• [ABOUT THIS TASK]:
The required output is an exact restatement of the lines, starting with the one that contains "Floor plan. 3LDK, Price" and finishing with the last line of the listing. It contains no pictures.

• [PROVIDED DATA]:
++++++++++

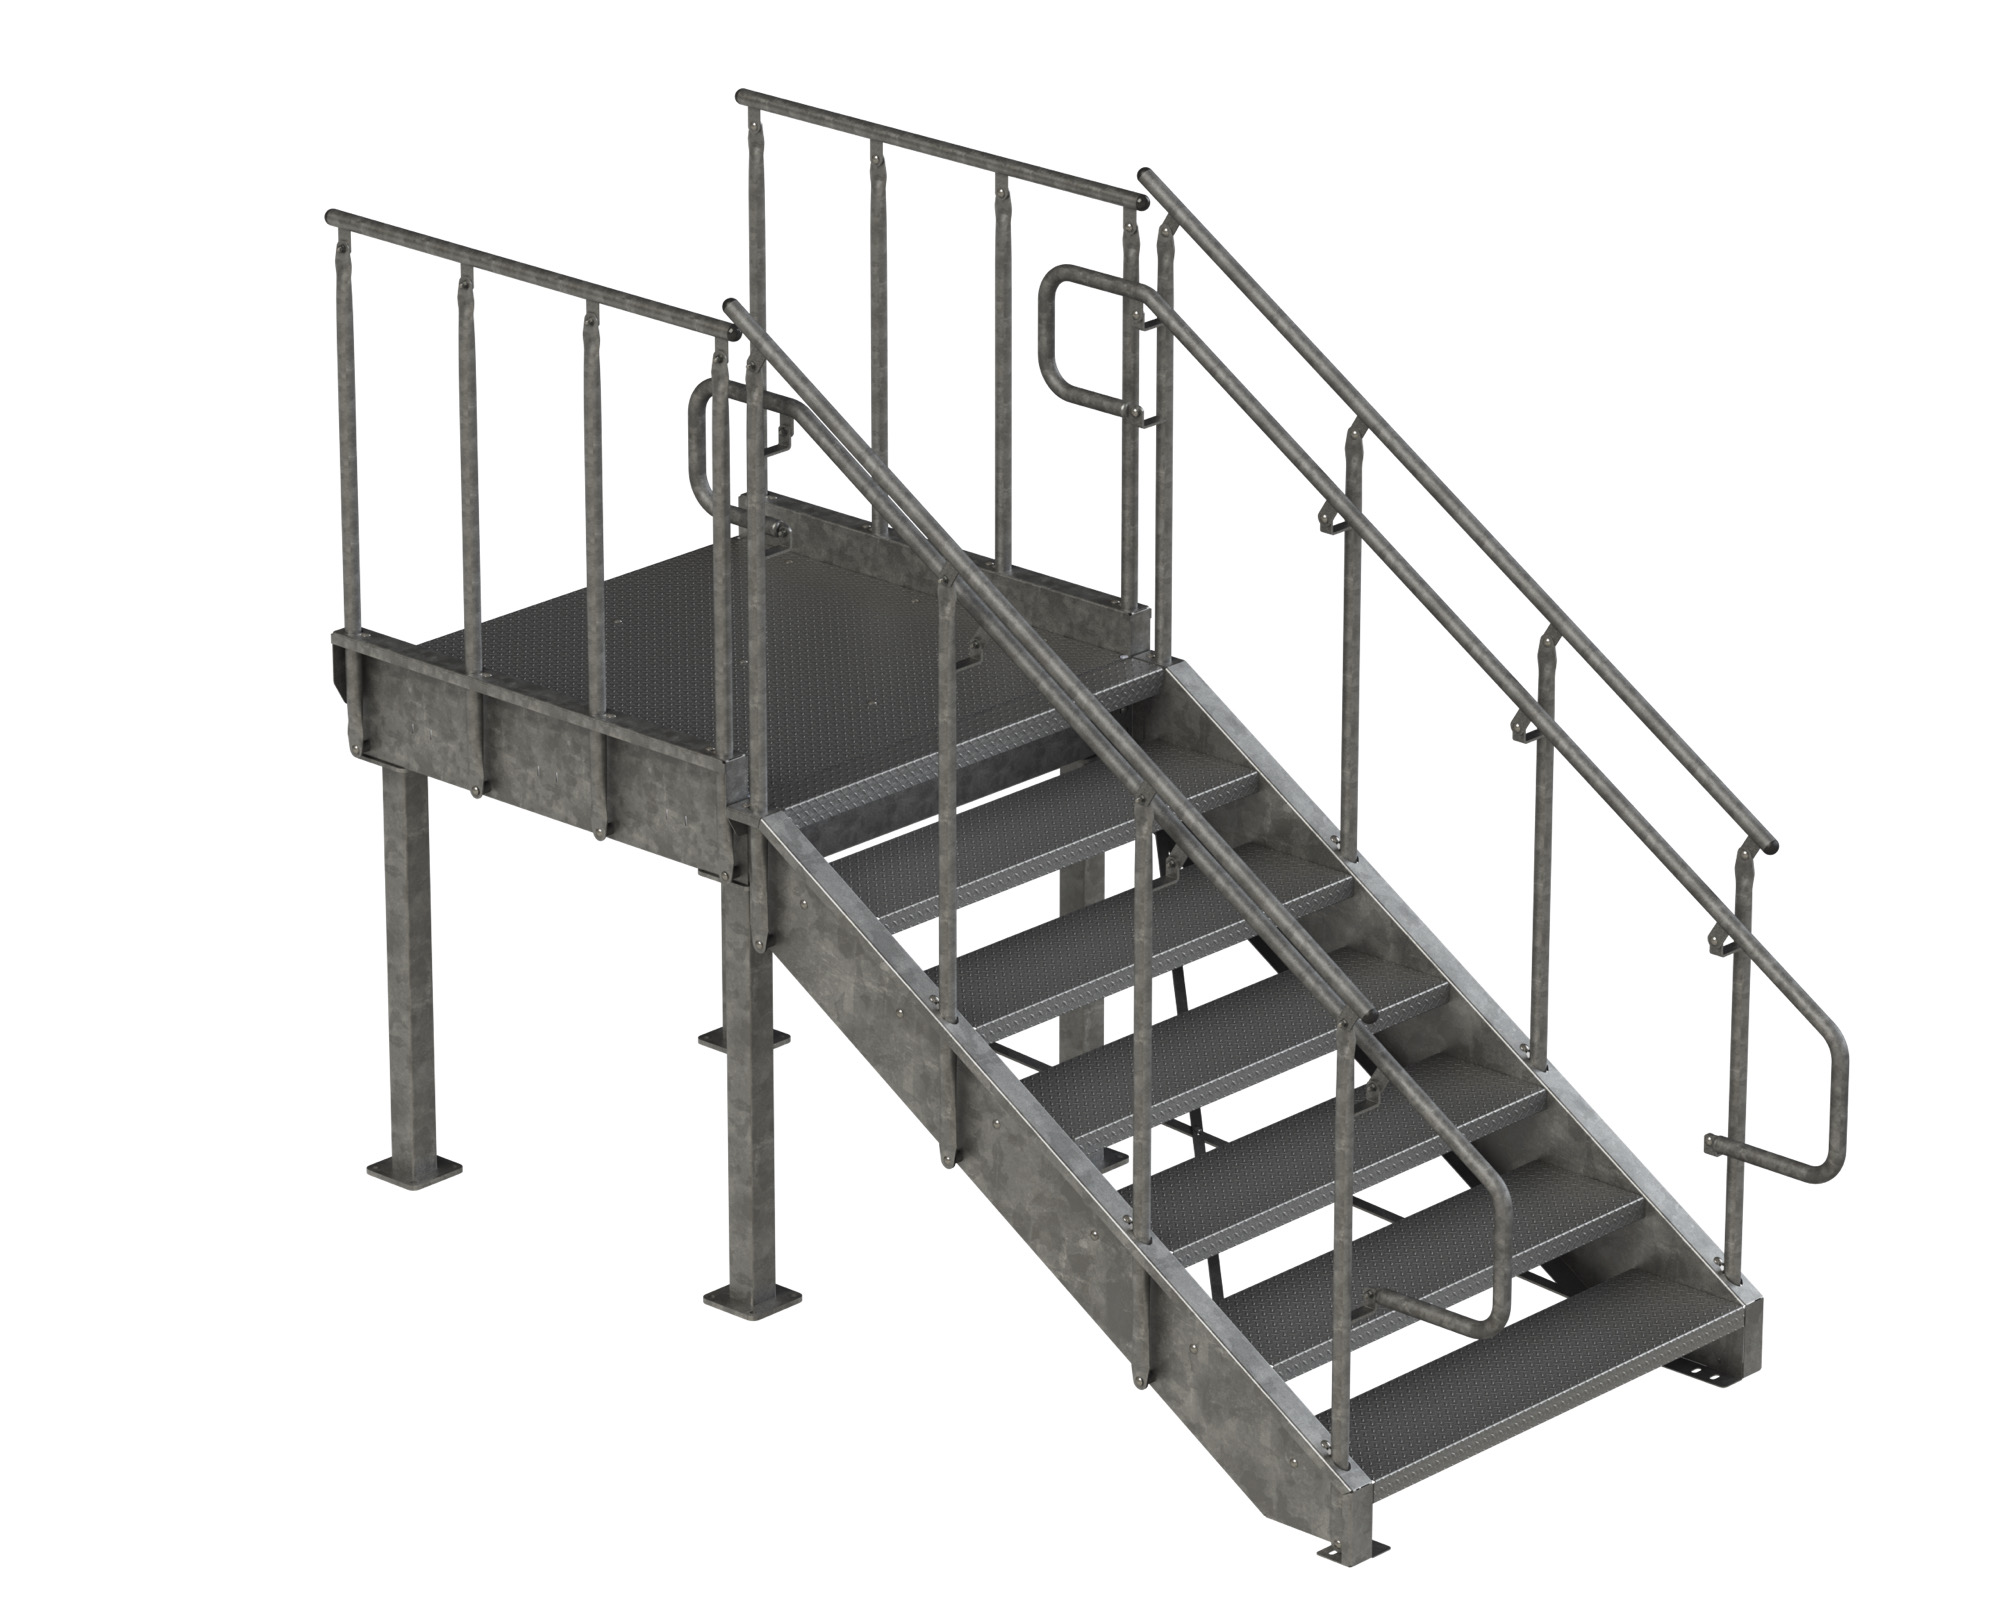 Loading Dock Stairs, Steel, Galvanized, Diamond Plate, IBC-Industrial, Standard
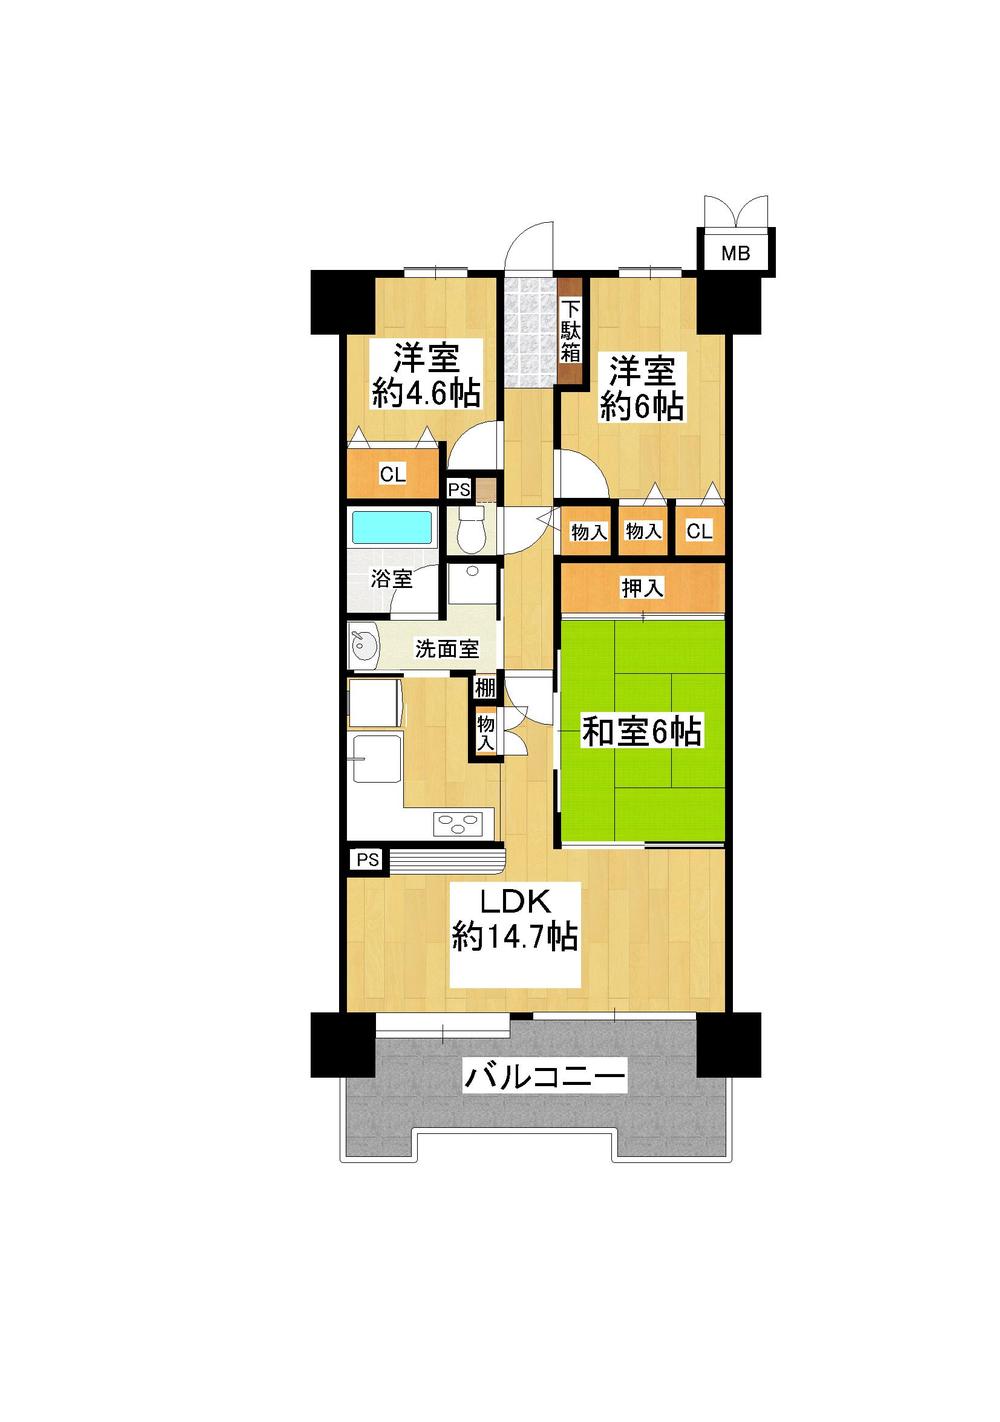 Floor plan. 3LDK, Price 14 million yen, Footprint 70.2 sq m , Balcony area 10.39 sq m
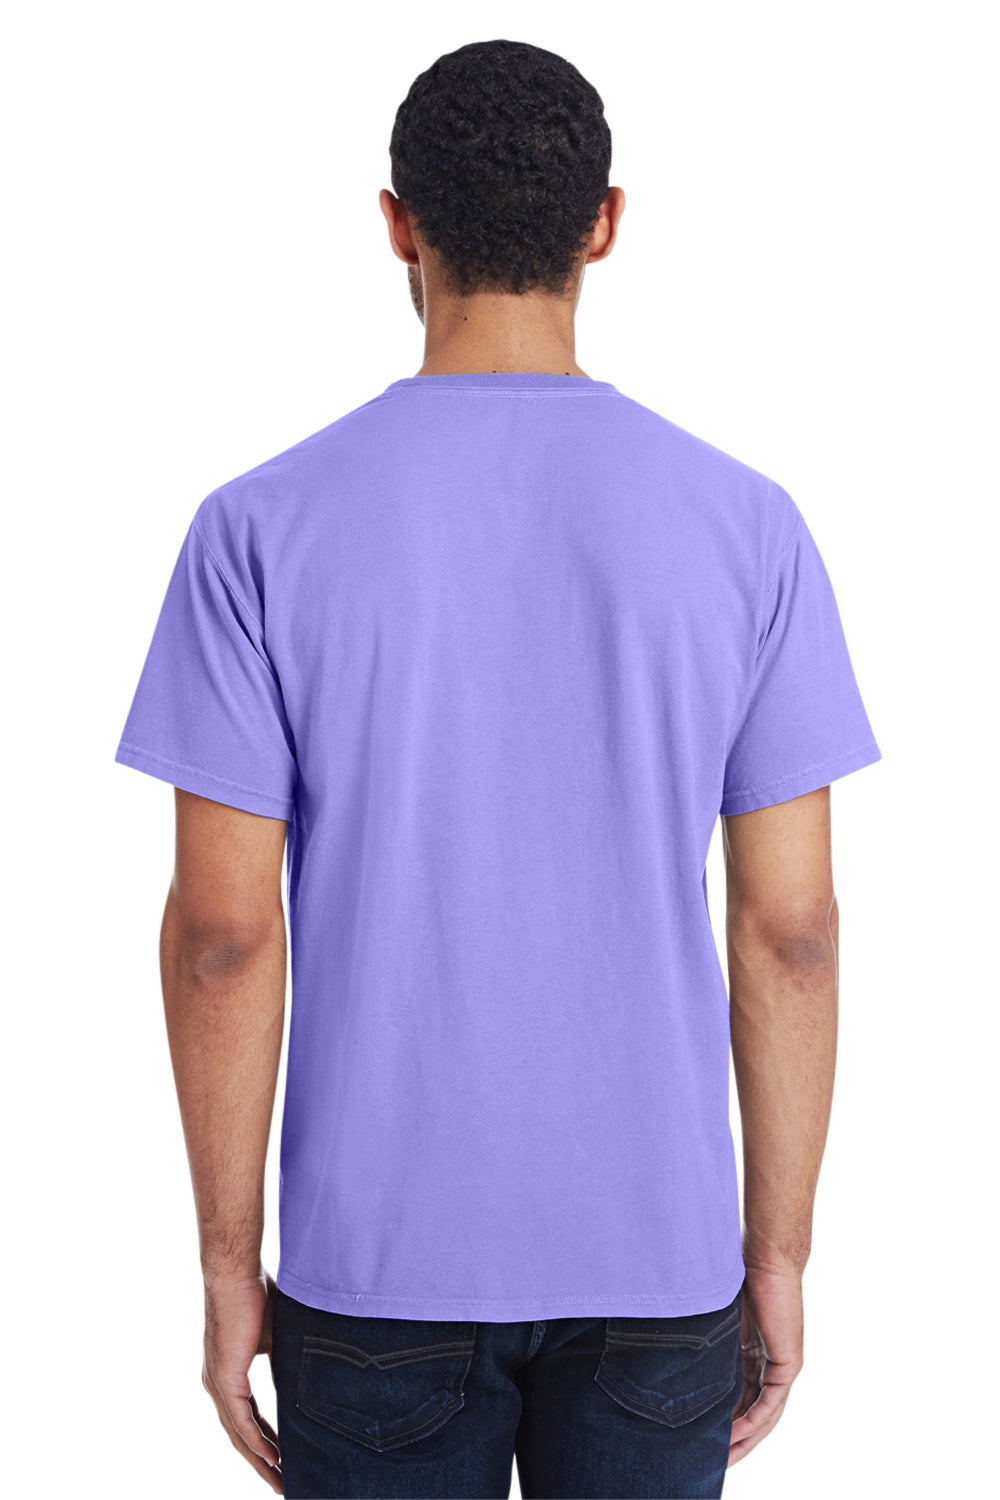 ComfortWash by Hanes GDH150 Short Sleeve Crewneck T-Shirt w/ Pocket Lavender Purple Back

++++++++++

• [ANSWER AREA]:
 Floor plan. 3LDK, Price 14 million yen, Footprint 70.2 sq m , Balcony area 10.39 sq m
 ComfortWash by Hanes GDH150 Short Sleeve Crewneck T-Shirt w/ Pocket Lavender Purple Back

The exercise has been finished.